• _Work order_: Of the entries below, restate word for word only the section that runs from the line with "For then only" to the line with "two images showing", counting both ends.

• _Data excerpts_:
=== Section Start ===

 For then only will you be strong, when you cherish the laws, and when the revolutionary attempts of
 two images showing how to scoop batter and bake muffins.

=== Section End ===
=== Section Start ===

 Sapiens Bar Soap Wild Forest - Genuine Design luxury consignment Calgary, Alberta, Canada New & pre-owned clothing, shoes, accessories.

=== Section End ===
=== Section Start ===

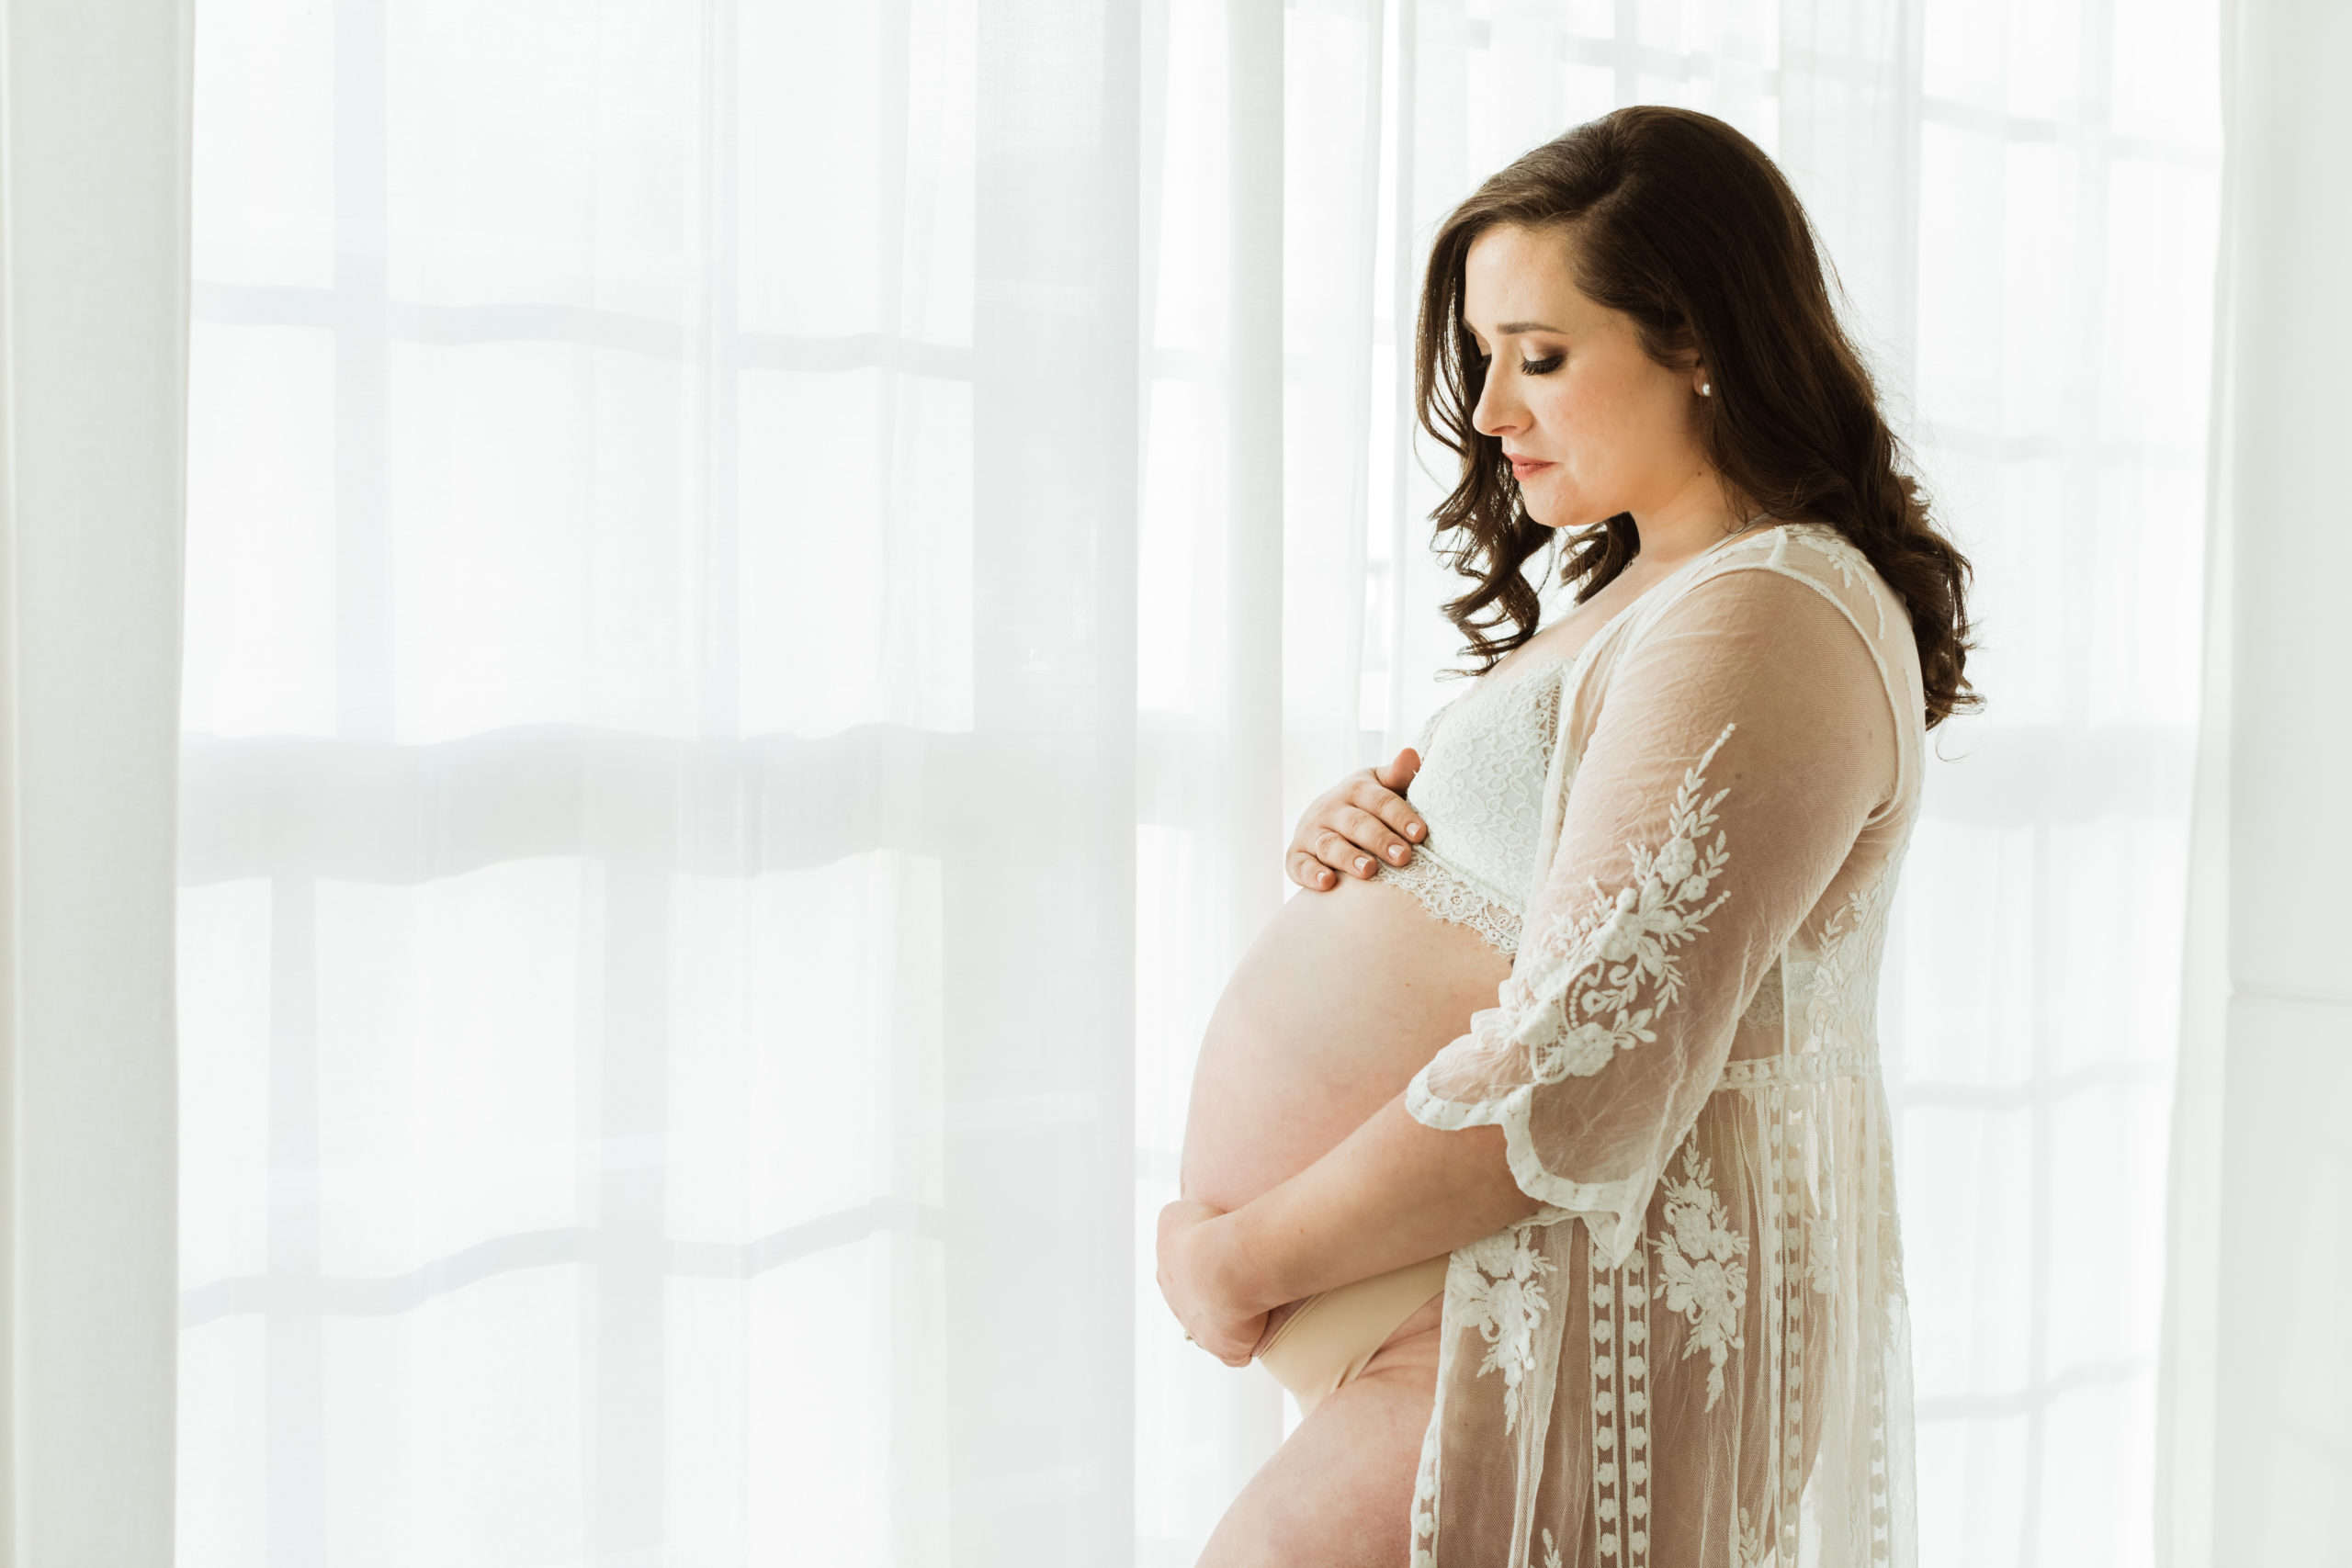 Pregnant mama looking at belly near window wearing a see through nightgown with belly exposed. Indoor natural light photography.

=== Section End ===

• _Answer to this task_:
 For then only will you be strong, when you cherish the laws, and when the revolutionary attempts of
 two images showing how to scoop batter and bake muffins.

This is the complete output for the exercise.